(What the task requires):
Reproduce the listing word for word. Skip any image.

(Given information):
........
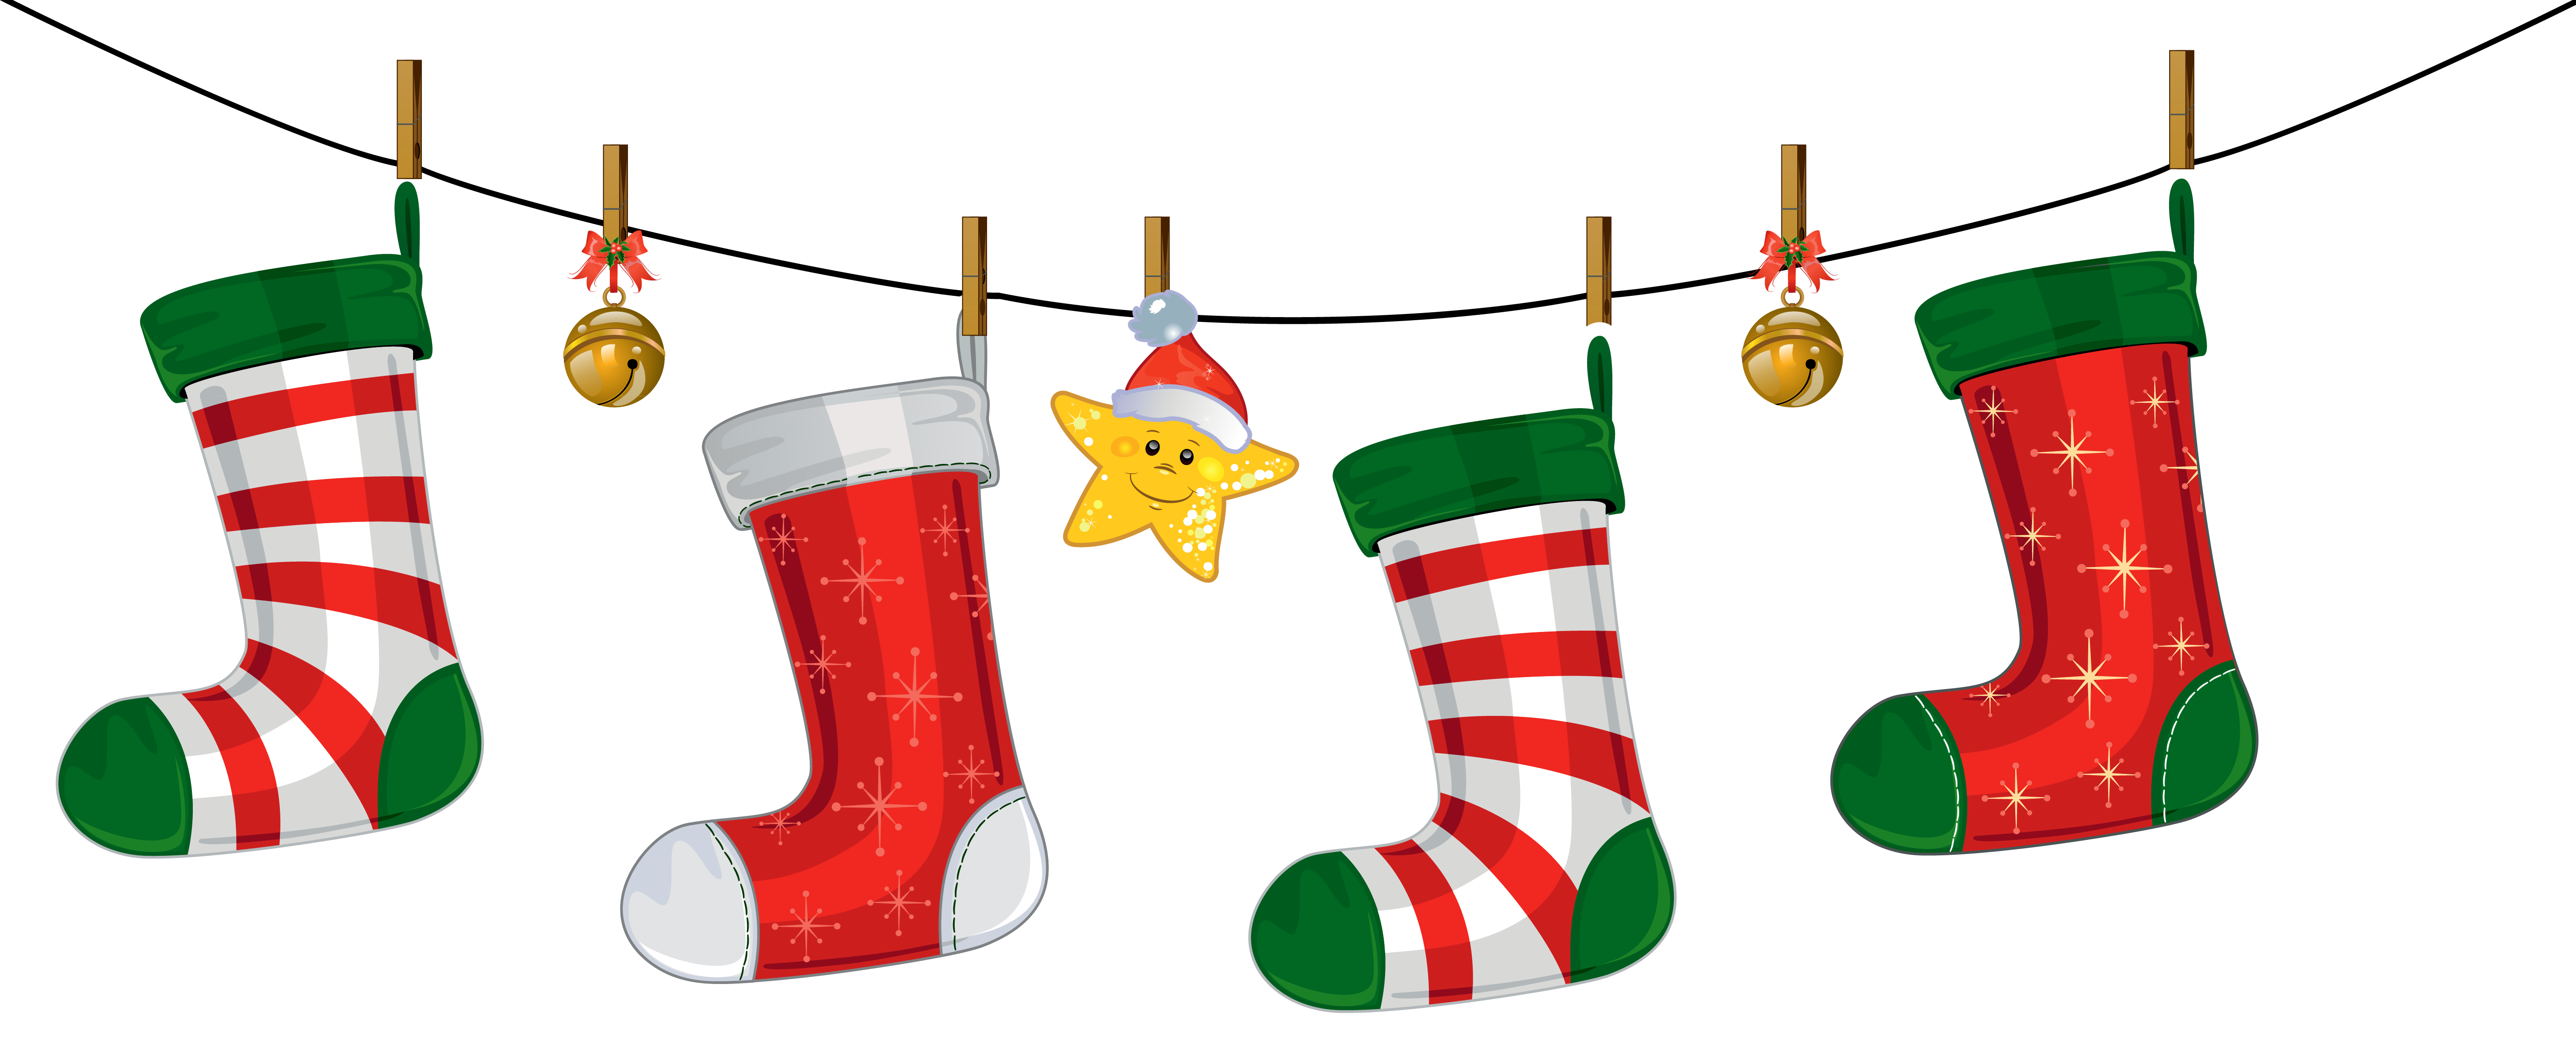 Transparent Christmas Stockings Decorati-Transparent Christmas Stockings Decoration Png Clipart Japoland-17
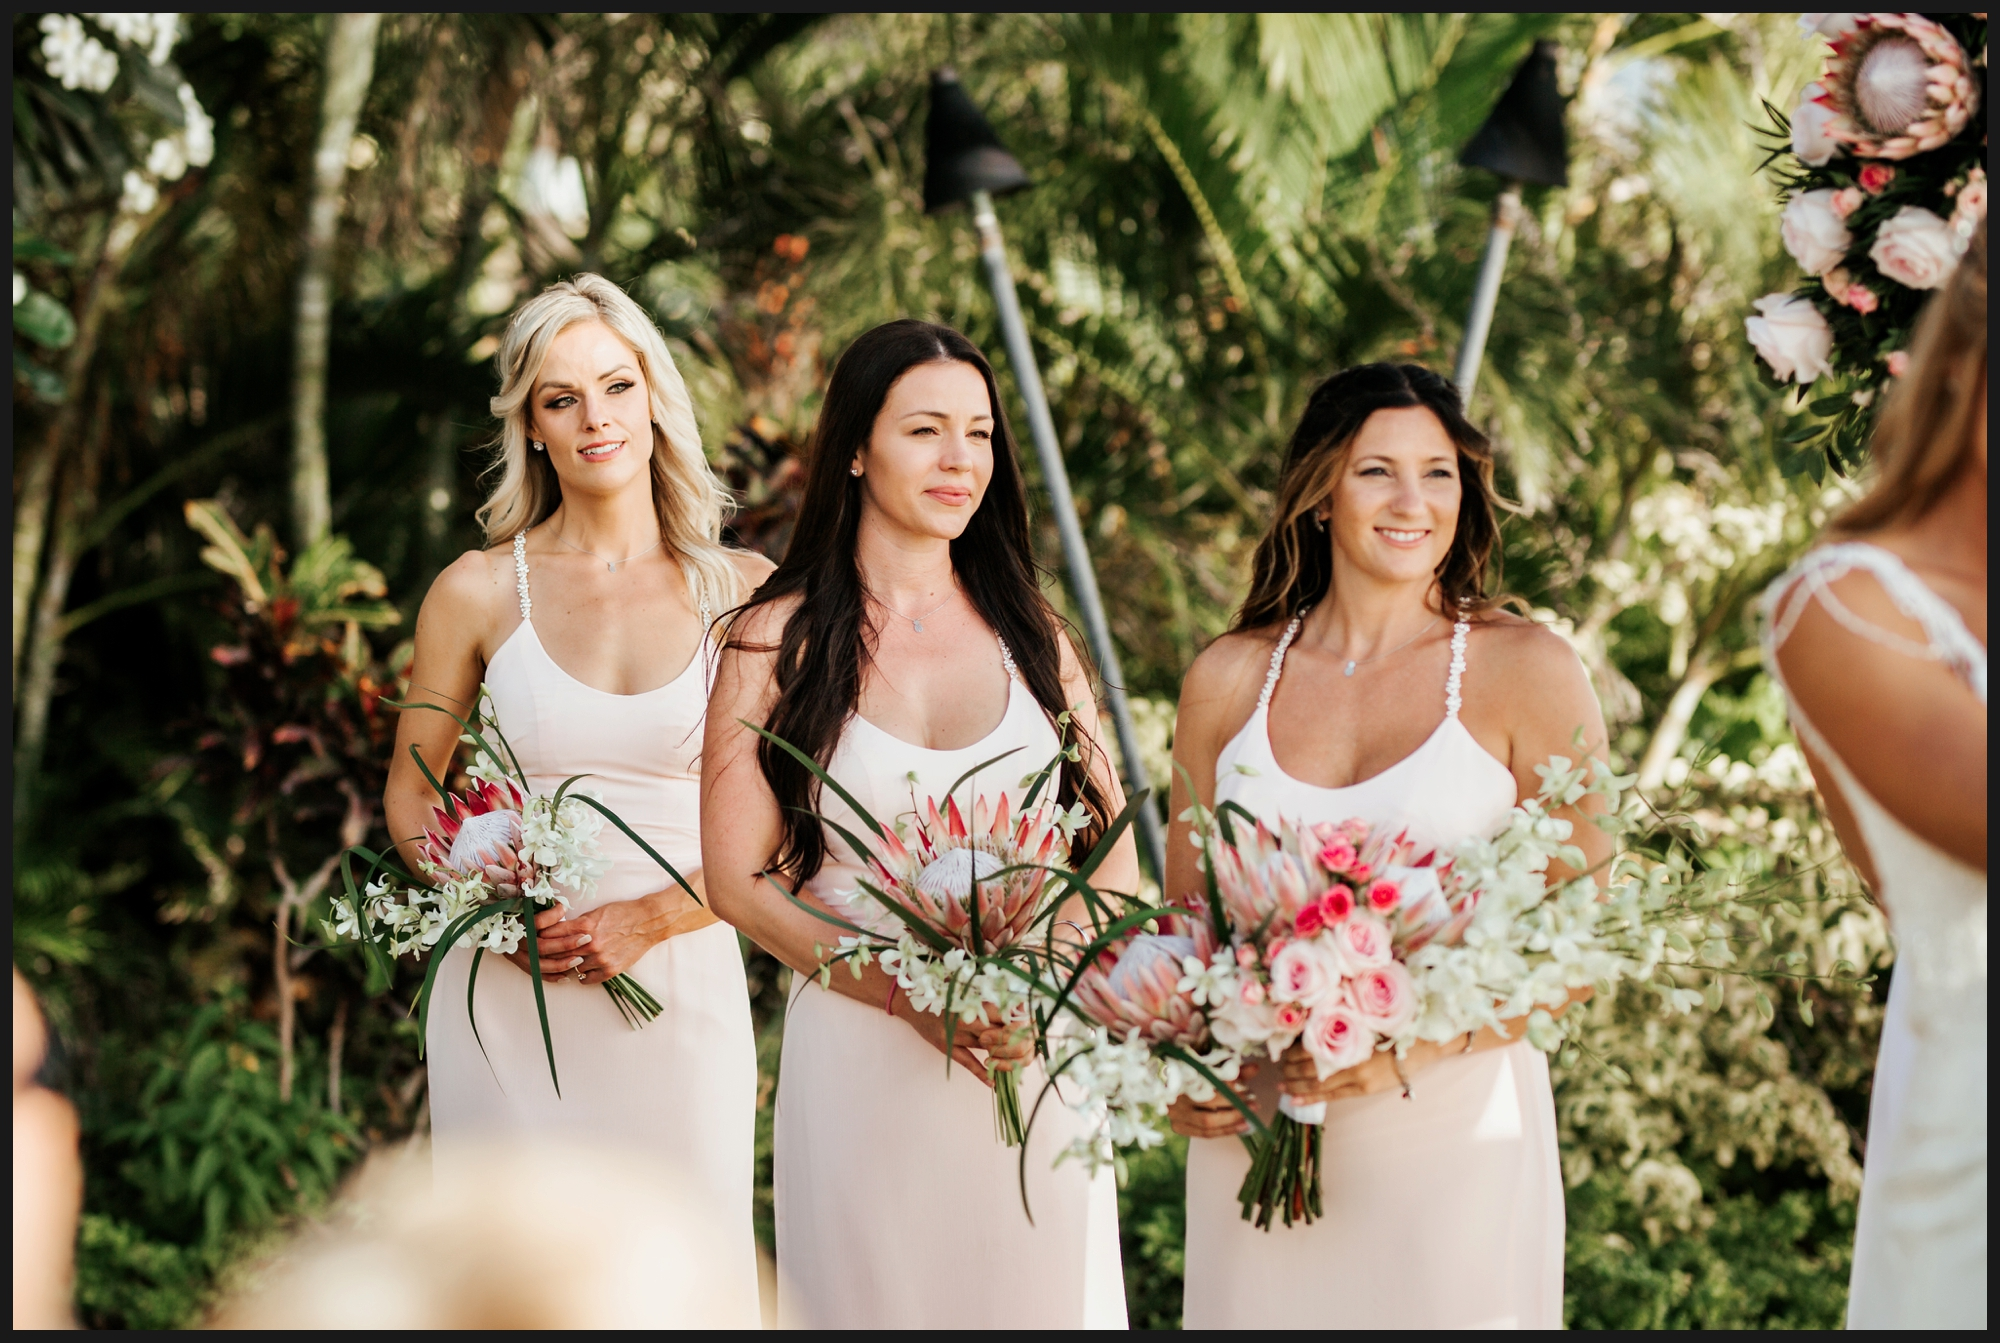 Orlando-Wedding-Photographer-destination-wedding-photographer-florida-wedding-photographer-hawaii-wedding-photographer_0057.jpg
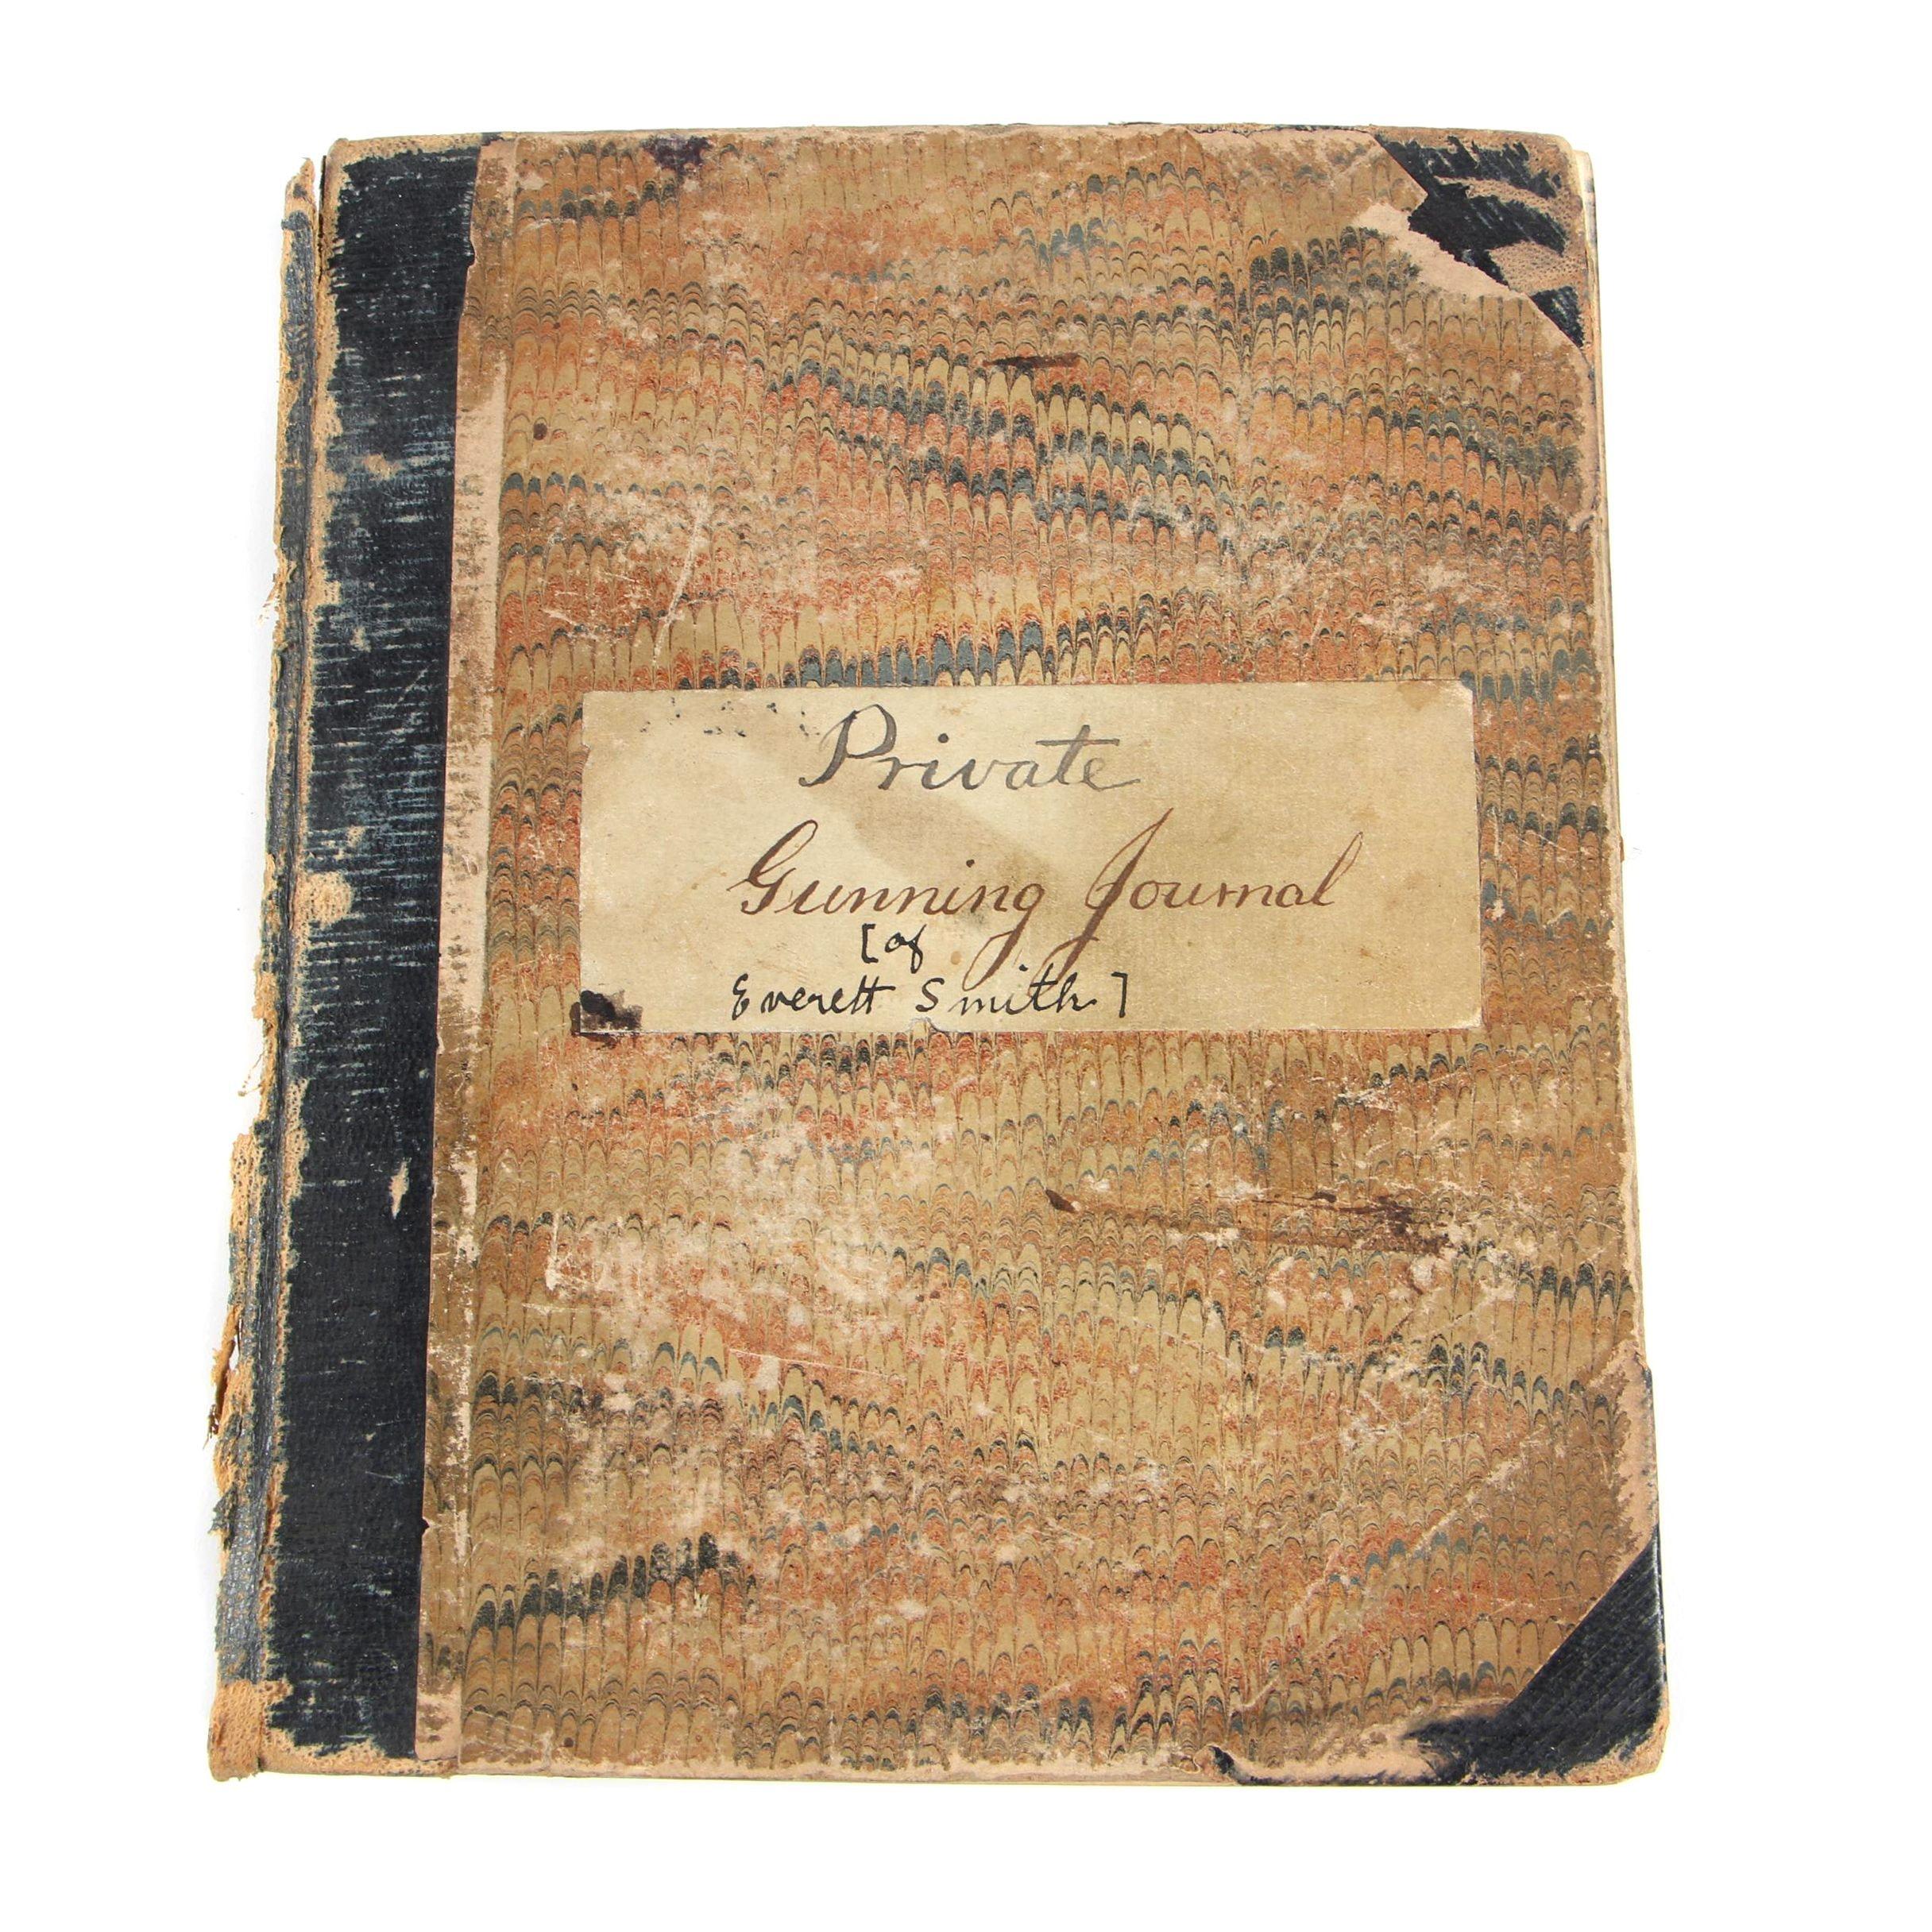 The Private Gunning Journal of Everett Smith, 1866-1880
........
(Solution for this task):
 Transparent Christmas Stockings Decorati-Transparent Christmas Stockings Decoration Png Clipart Japoland-17
 Orlando-Wedding-Photographer-destination-wedding-photographer-florida-wedding-photographer-hawaii-wedding-photographer_0057.jpg
 The Private Gunning Journal of Everett Smith, 1866-1880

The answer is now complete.